Description
As I understand from the documentation, running sess.close()
is supposed to release the resources, but it doesn't. I have been running the following test:
with tf.Session() as sess:
with tf.device('/gpu:0'):
matrix1 = tf.constant([[3., 3]])
matrix2 = tf.constant([[2.], [2.]])
product = tf.matmul(matrix1, matrix2)
result = sess.run(product)
print(result)
This allocates all the free memory of gpu0, but it is not released when sess
is closed (both using a context manager as in the code above, but also when calling sess.close()
manually). The memory usage persists until that Python process is terminated. The way I have been checking memory usage is through nvidia-smi
, but I have also confirmed that other processes can't allocate that GPU memory until the process terminates (not the session closes). I would like to be able to free the resources and still keep the Python process running.
Environment info
I am running a 64-bit Linux (CentOS) with a computer that has two Tesla K40c (driver 346.46, CUDA 7.0). I installed the 0.7.1 tensorflow for Linux and Python 3.4 through pip. The output of tf.__version__
is 0.7.1.
Steps to reproduce
Simply running the code above should according to the document allocate and then release the memory. However, the GPU memory is still allocated and thus unusable by other processes. However, it can be re-used by the same Python process, meaning that I can re-run the snippet over and over as long as I do it from the same Python process.
Logs or other output that would be helpful
Here is a log of the session. At the end, the memory is still allocated. Note that another user is connected to both GPUs through Torch7, and is actively using gpu0.

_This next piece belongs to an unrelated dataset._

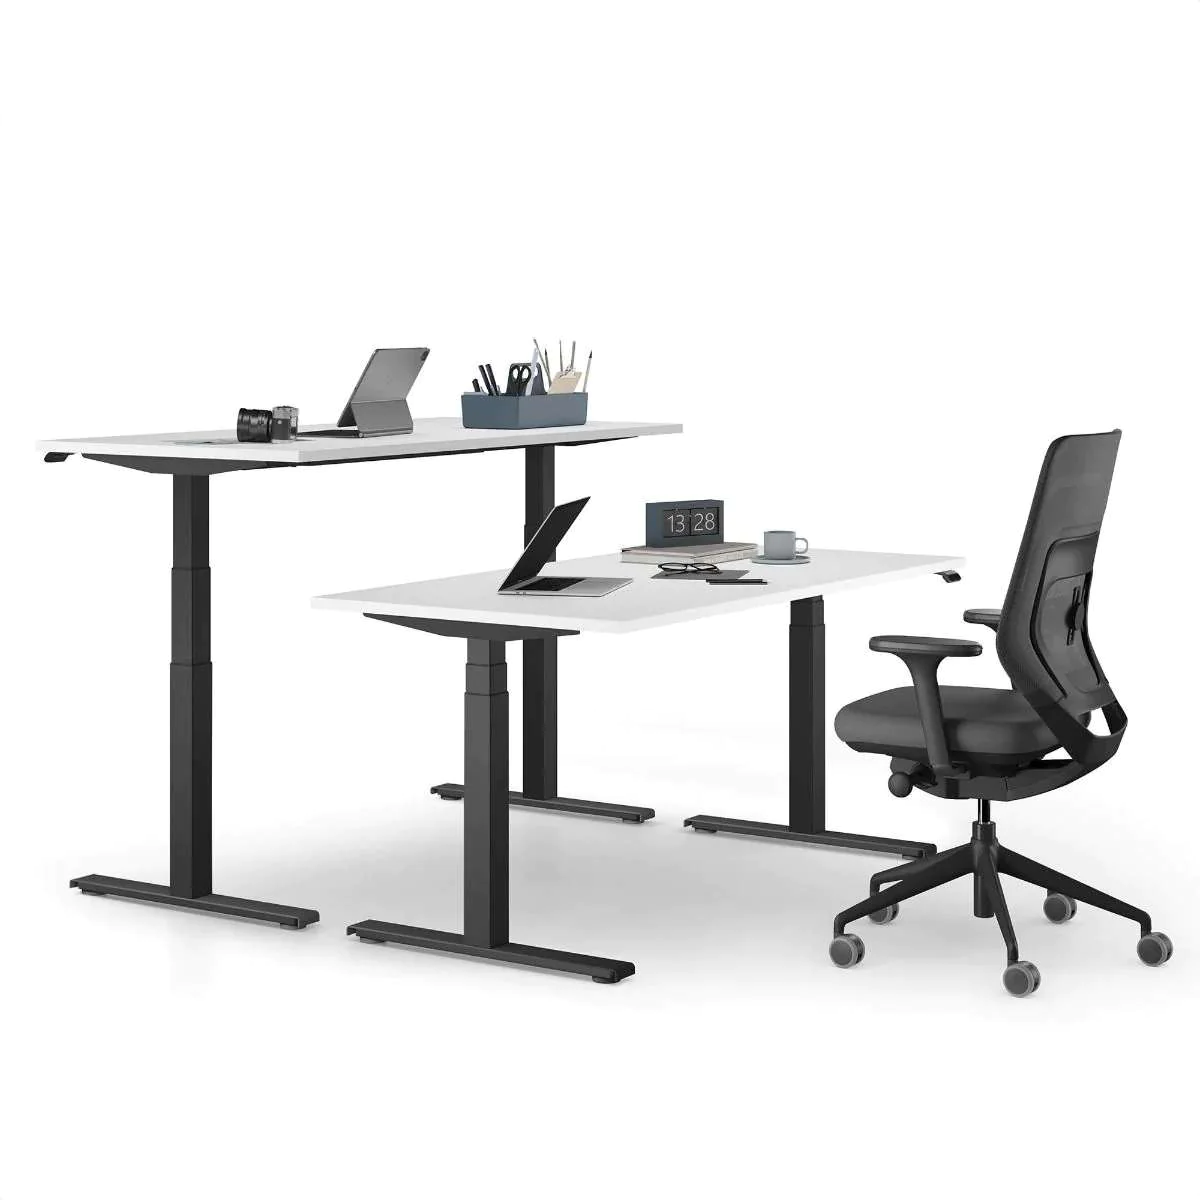 elektrisch, ergonomisch kaufen - Steh-Sitz-Tisch Schreibtische stabil & Höhenverstellbare -

In [1]: import tensorflow as tf
I tensorflow/stream_executor/dso_loader.cc:105] successfully opened CUDA library libcublas.so locally
I tensorflow/stream_executor/dso_loader.cc:105] successfully opened CUDA library libcudnn.so locally
I tensorflow/stream_executor/dso_loader.cc:105] successfully opened CUDA library libcufft.so locally
I tensorflow/stream_executor/dso_loader.cc:105] successfully opened CUDA library libcuda.so.1 locally
I tensorflow/stream_executor/dso_loader.cc:105] successfully opened CUDA library libcurand.so locally
In [2]: with tf.Session() as sess:
with tf.device('/gpu:1'):
matrix1 = tf.constant([[3., 3]])
matrix2 = tf.constant([[2.], [2.]])
product = tf.matmul(matrix1, matrix2)
result = sess.run(product)
print(result)
...:
I tensorflow/core/common_runtime/gpu/gpu_init.cc:102] Found device 0 with properties:
name: Tesla K40c
major: 3 minor: 5 memoryClockRate (GHz) 0.745
pciBusID 0000:03:00.0
Total memory: 11.25GiB
Free memory: 3.27GiB
I tensorflow/core/common_runtime/gpu/gpu_init.cc:102] Found device 1 with properties:
name: Tesla K40c
major: 3 minor: 5 memoryClockRate (GHz) 0.745
pciBusID 0000:82:00.0
Total memory: 11.25GiB
Free memory: 11.05GiB
I tensorflow/core/common_runtime/gpu/gpu_init.cc:59] cannot enable peer access from device ordinal 0 to device ordinal 1
I tensorflow/core/common_runtime/gpu/gpu_init.cc:59] cannot enable peer access from device ordinal 1 to device ordinal 0
I tensorflow/core/common_runtime/gpu/gpu_init.cc:126] DMA: 0 1
I tensorflow/core/common_runtime/gpu/gpu_init.cc:136] 0: Y N
I tensorflow/core/common_runtime/gpu/gpu_init.cc:136] 1: N Y
I tensorflow/core/common_runtime/gpu/gpu_device.cc:717] Creating TensorFlow device (/gpu:0) -> (device: 0, name: Tesla K40c, pci bus id: 0000:03:00.0)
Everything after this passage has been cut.